Abstract

AbstractBleeding disorder of unknown cause (BDUC) is a diagnosis of exclusion after evaluation of plasma coagulation and platelet function. The underlying mechanisms are unclear, but increased fibrinolysis and abnormal clot formation may play a role. All patients with BDUC (n = 375) recorded in the Vienna Bleeding Biobank were analyzed in comparison with healthy controls (HCs; n = 100) in this case-control study. Plasmin generation (PG) parameters were analyzed using calibrated fluorescence detection in citrated plasma samples. Turbidimetric plasma clot formation/lysis of 293 (78%) patients with BDUC and confocal microscopy of clots from representative patients with BDUC (n = 6) and from HCs (n = 9) were assessed. Fibrinolytic factors were measured using commercially available enzyme-linked immunosorbent assays.
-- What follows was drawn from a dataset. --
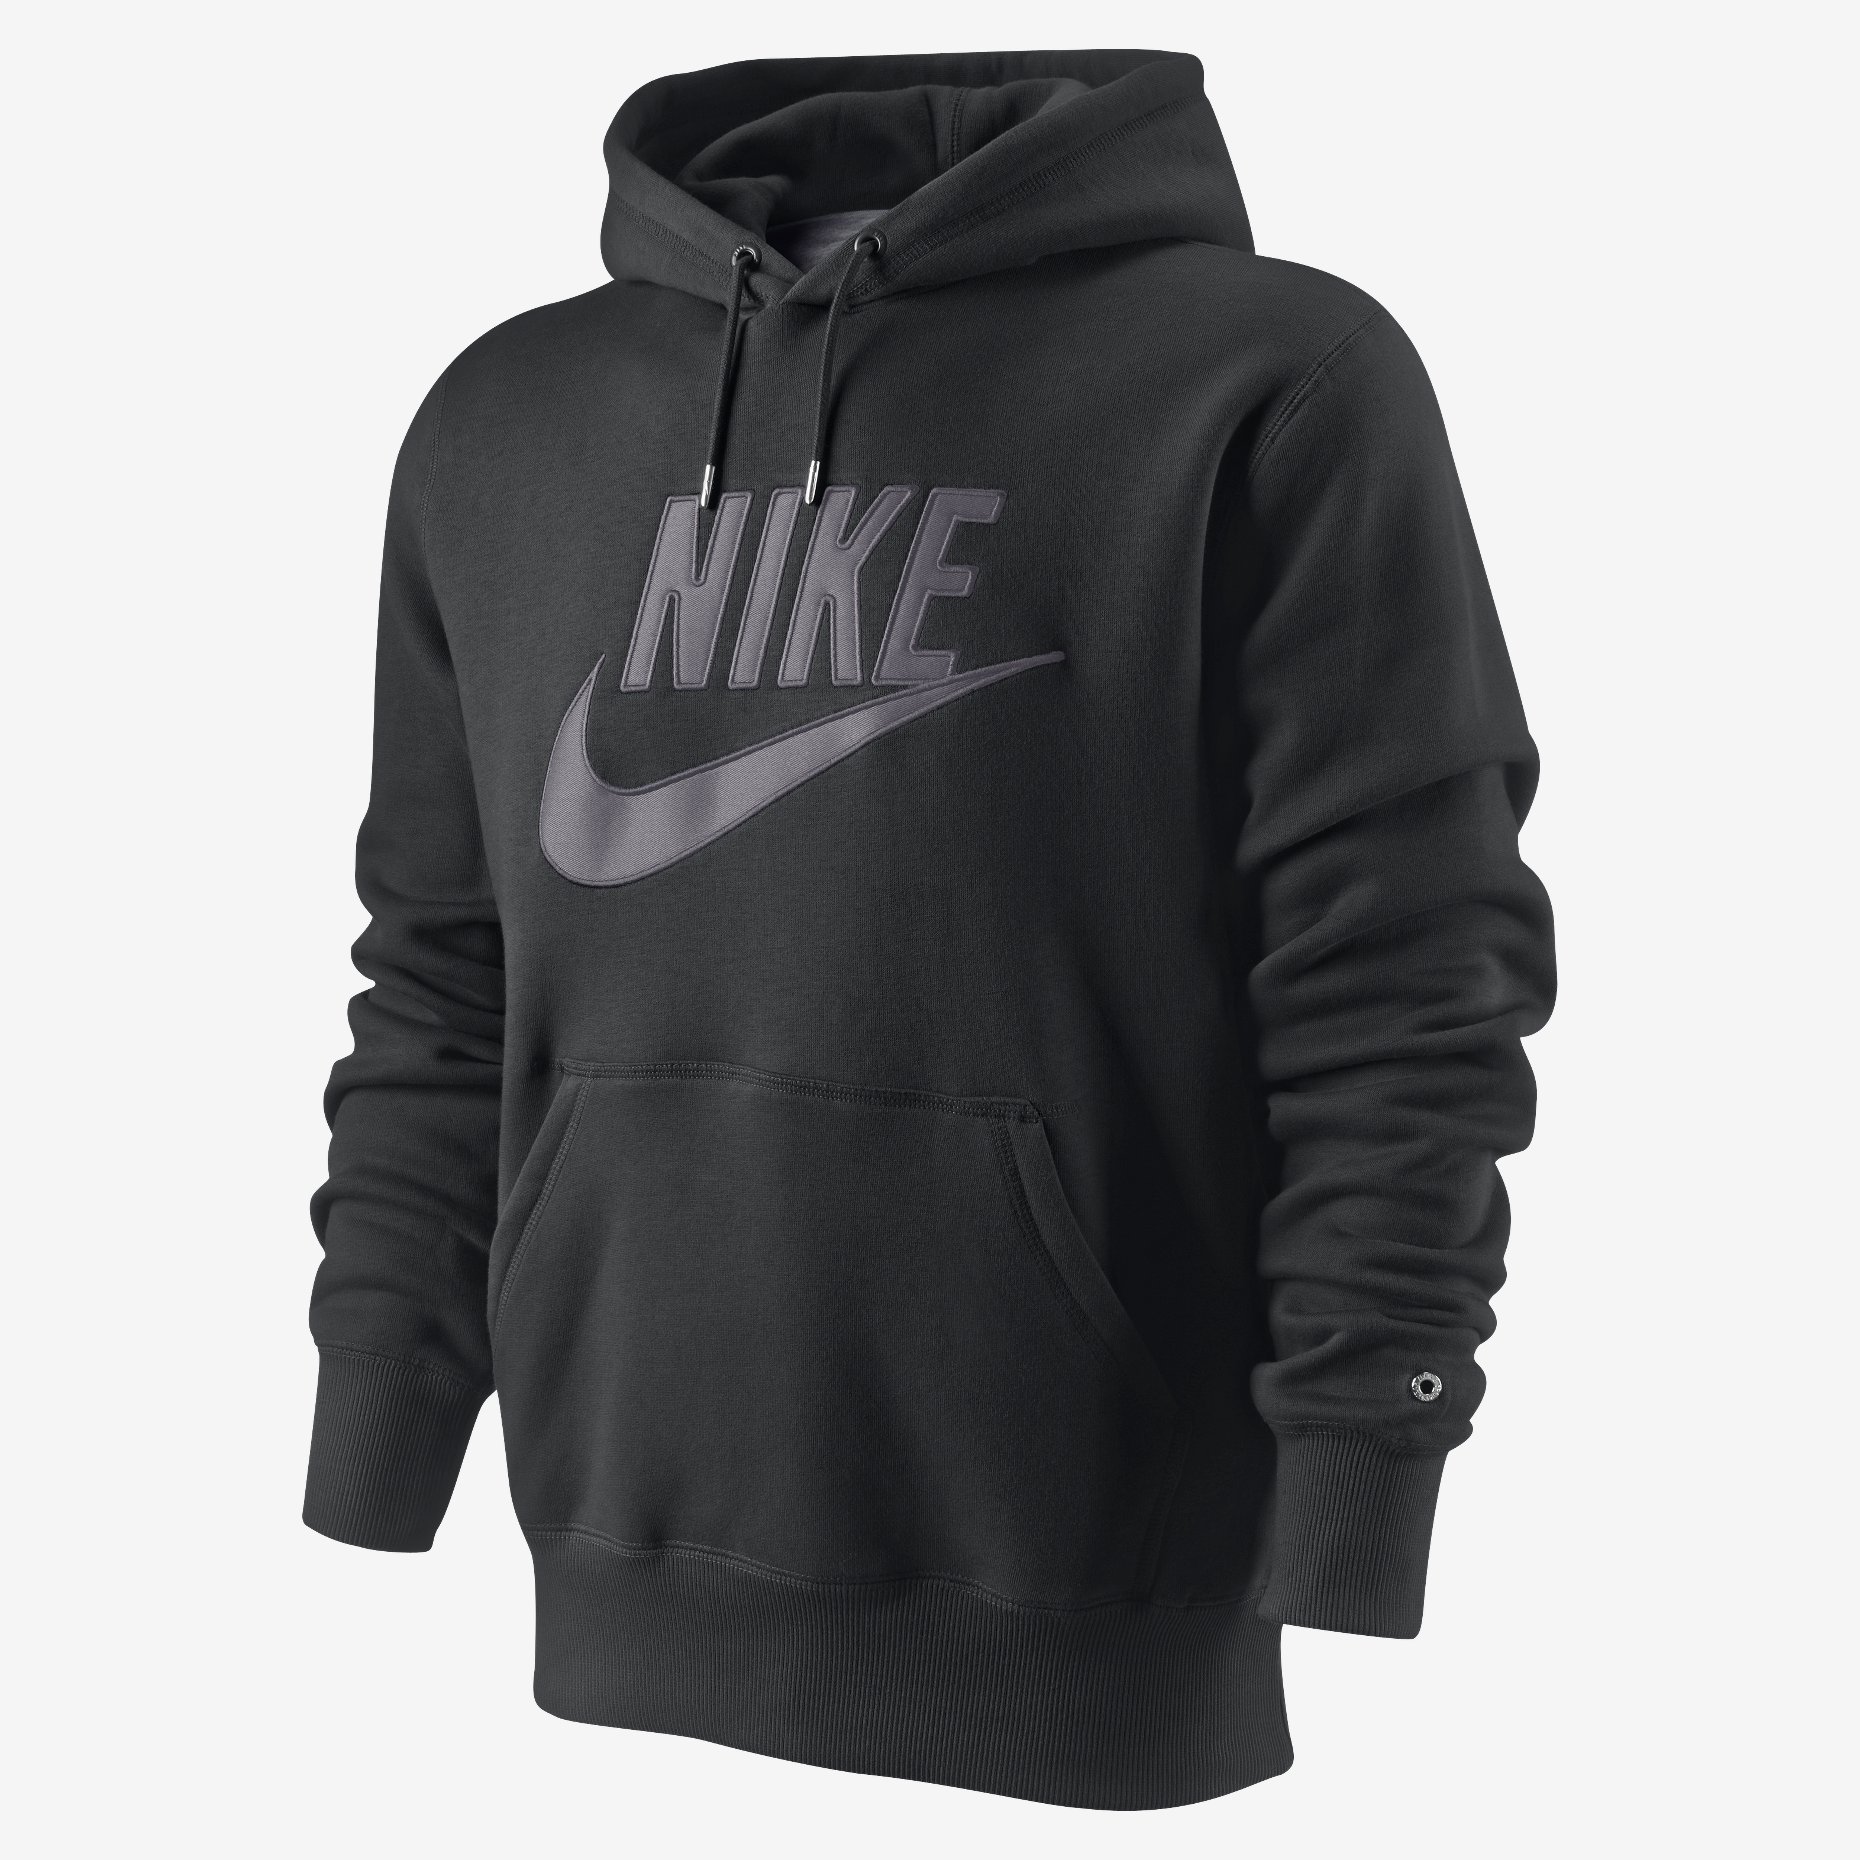 New Nike HBR Mens Hooded Sweatshirt Brushed Fleece Hoodie Black Top S M ...

In the PG analysis, patients with BDUC exhibited lower velocity and peak plasmin levels but a higher endogenous plasmin potential than HCs. Peak plasmin levels correlated with maximum clot absorbance but not with clot lysis time. Clot absorbance is an indicator of clot fiber density. Confocal microscopy analysis revealed that clots from patients with BDUC had a tendency to have thicker fibers, which negatively correlated with peak plasmin (r = −0.561; P = .030). Peak plasmin correlated weakly with factor XIII, but not with the other fibrinolytic factors (alpha2-antiplasmin, thrombin activatable fibrinolysis inhibitor, or plasminogen activator inhibitor 1) or bleeding severity. A model comprising fibrinogen and parameters of PG yielded high predictive power in discriminating between patients with BDUC and HCs across a fivefold stratified cross validation (80% of data; mean area under the curve [AUC], 0.847). The same model generalized well to unseen data (20% of data; AUC, 0.856). Overall, patients with BDUC counterintuitively exhibited reduced peak plasmin levels, potentially related to altered clot structure.